The included standards were as follows: (1) study patients were pathologically confirmed EC without evidence of metastasis or recurrence; (2) observational studies or randomized controlled trials (RCTs) were eligible, which explored the effect of GNRI on the survival outcomes of patients with EC; (3) studies clearly illustrate the correlation between GNRI and survival outcomes of patients with EC; (4) the patients in studies had received treatment options such as surgery, radiotherapy, or chemotherapy; (5) the patients were grouped according to the level of GNRI; (6) papers published in English only; and (7) more than 5 points of Newcastle-Ottawa Scale (NOS) score were considered eligible for inclusion. The following studies were excluded: (1) patients with non-esophageal carcinoma; (2) article type such as case report, review, abstract, animal experiment, and conference report; (3) without sufficient data for meta-analysis; and (4) duplicated studies.

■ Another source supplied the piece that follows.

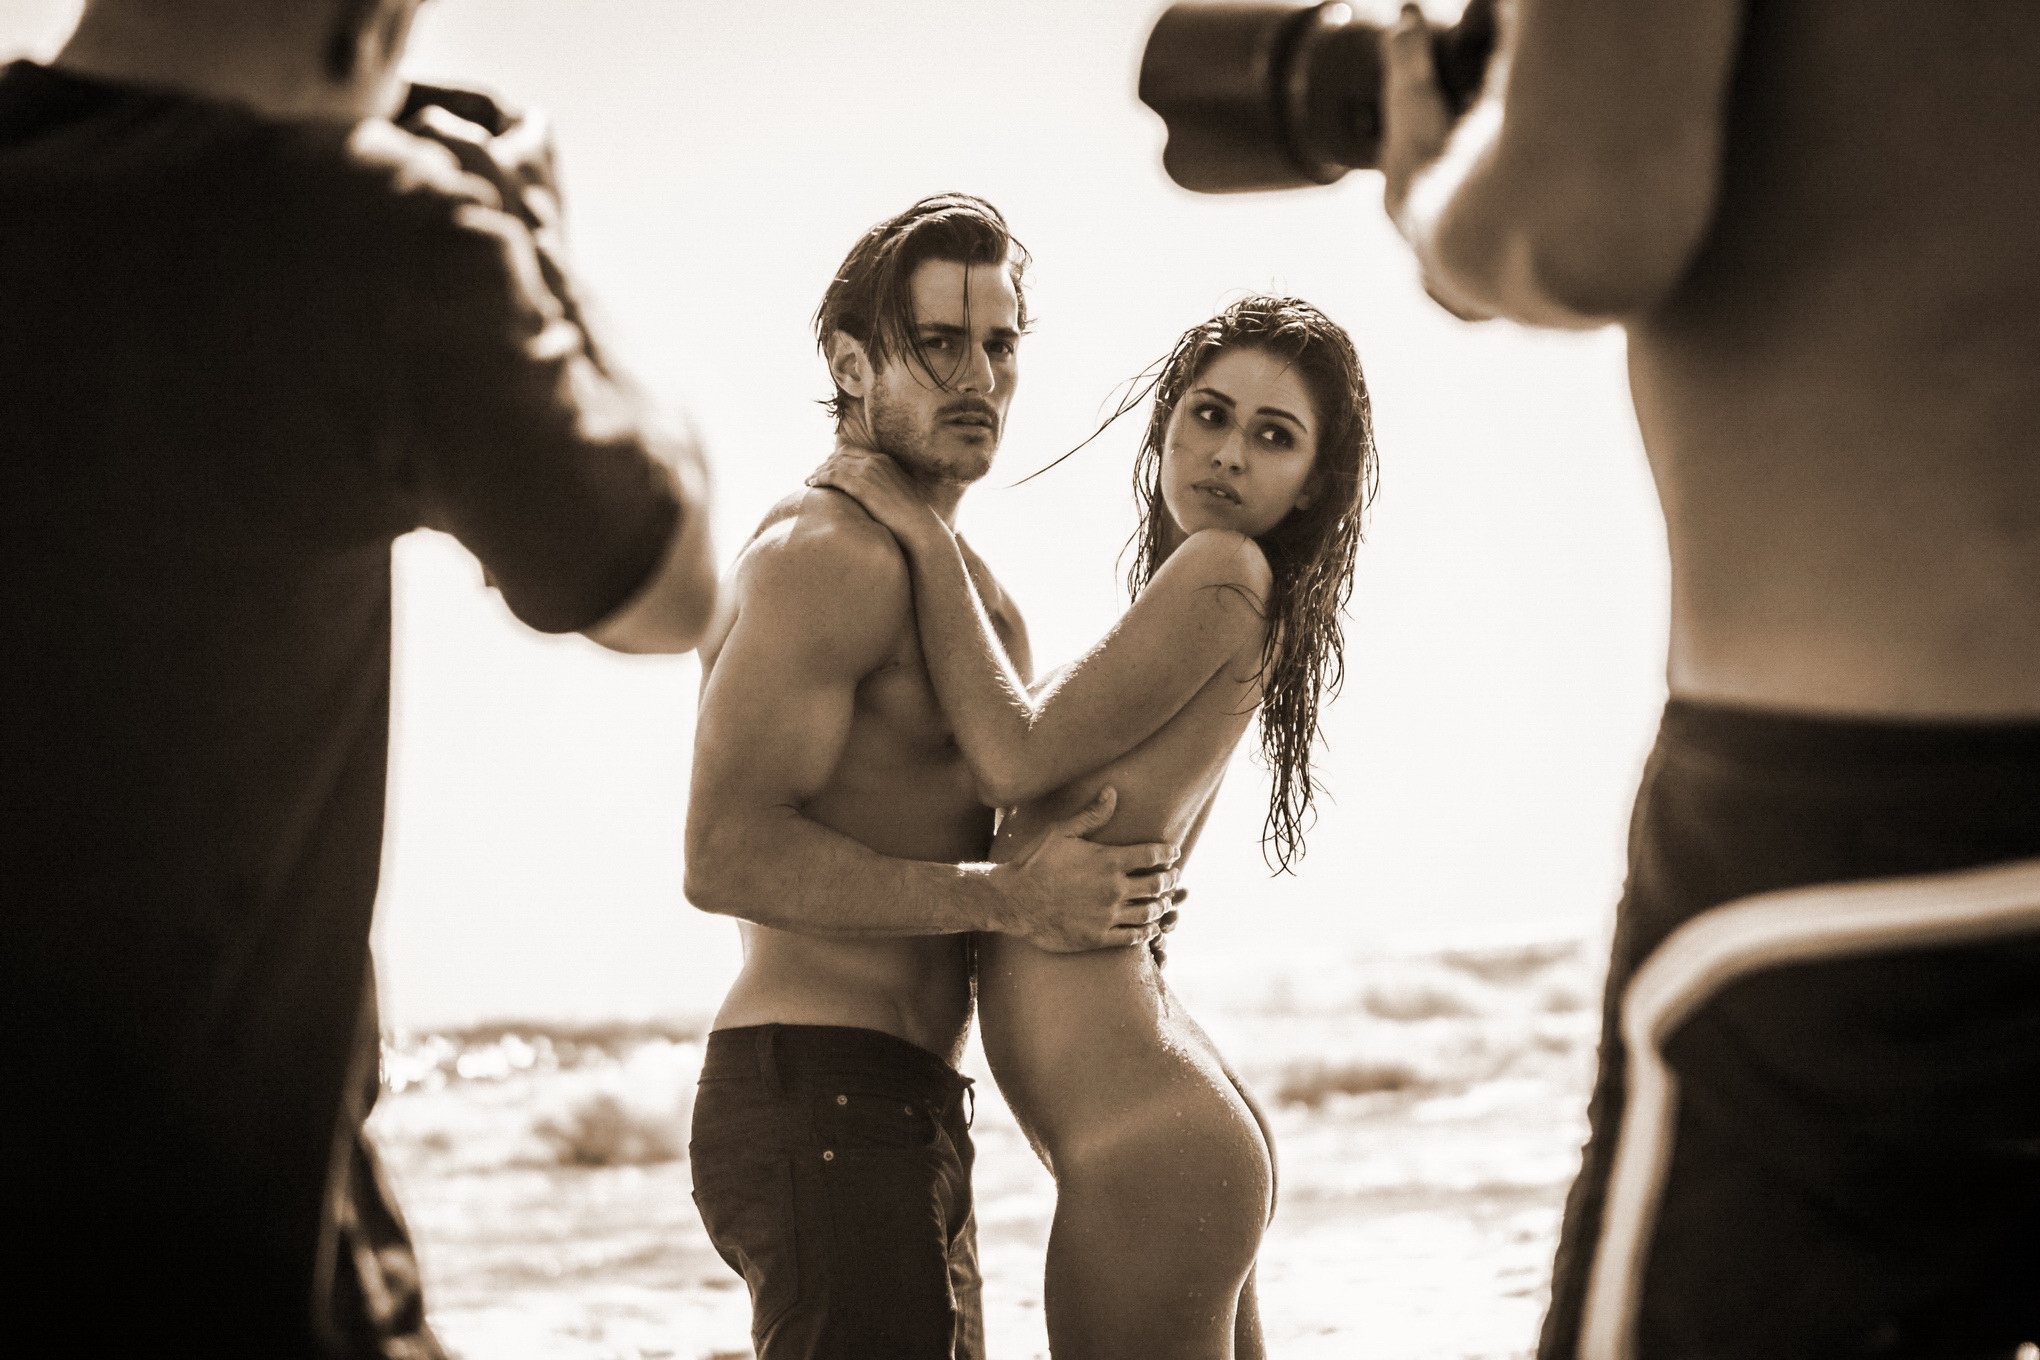 Jehane gigi paris totalmente desnuda acariciando en la playa photoshoot por steve shaw
 #75181116

Data Extraction and Quality Assessment

Relevant data were extracted from included studies and compared results by two authors (JZ and PF) independently. Adjudication was performed by the third author (XL) to resolve discrepancies and avoid bias. A standardized data extraction procedure was used to retrieve the data from studies. The basic characteristics of studies, including author, publication year, number of the patients, age, study design, cutoff value, treatment, and survival outcomes, were extracted. The NOS (11) was utilized to evaluate the quality and risk-of-bias of observational studies, which consisted of the following three factors: selection of patients, comparability between the groups, and assessment of interesting outcomes. Studies were assigned using a score of 0–9 (allocated as stars), and we defined 0–3, 4–6, and 7–9 as low, medium, and high quality studies, respectively.

Statistical Analysis

Data analyses were based on STATA 12.0 package (StataCorp, College Station, TX, USA) in accordance with PRISMA guidelines (12). The survival outcome rate data were collected from the papers directly or Kaplan-Meier curves. Hazard ratio (HR) with a 95% confidence interval (CI) was adopted for the comparison. The heterogeneity of each study was evaluated by using a chi-square-based Q-test and the I2 test. If low heterogeneity between studies (PQ > 0.05, I2 < 50%) was observed, a fixed-effect model would be applied for analysis. Otherwise, random-effects models were used. Sensitivity analysis by sequentially removing one study at a time was performed. The potential publication bias was estimated by a funnel plot, and Begg's test was performed to assess the asymmetry. All P-values were two-sided. A P-value < 0.05 was considered statistically significant (13).

Results

Characteristics of Studies

Based on the criteria mentioned earlier, the search results are shown in Figure 1. After the initial search, 1,219 articles were found through 4 databases after the removal of 541 duplicates. Then, there were 533 studies removed after reviewing titles and abstracts. Later, 137 articles were found not meeting the inclusion criteria by further full-text screening. Eventually, 8 articles (14–21) involving 11 studies, containing 1785 patients in total, were included in the meta-analysis. All the included studies had reported the cutoff point of the GNRI, with different fixed values as follows: 92, 96.6, 97.1, and 98. As for survival outcomes, HRs on OS, cancer-specific survival (CSS) could be extracted from 9 and 2 of these studies, respectively. Notably, 448 patients underwent surgery, 862 patients underwent surgery combing oncological treatment, and 475 patients underwent non-surgery treatment. Both patients included were from Asia, China, and Japan. More detailed information and basic characteristics of the included studies in this meta-analysis are summarized in Table 1. Based on the NOS, the included studies' scores ranging from 6 to 7, showing the qualities of these studies, were high, which are eligible for the subsequent analysis. In Table 2, we specified population, expose, comparison, and outcome (PECO) elements of each study and whether it is an observational study or a secondary observational study in an interventional study.
Figure 1

Methodological flowchart of the review.

Table 1

Main characteristics of all the studies included in the meta-analysis.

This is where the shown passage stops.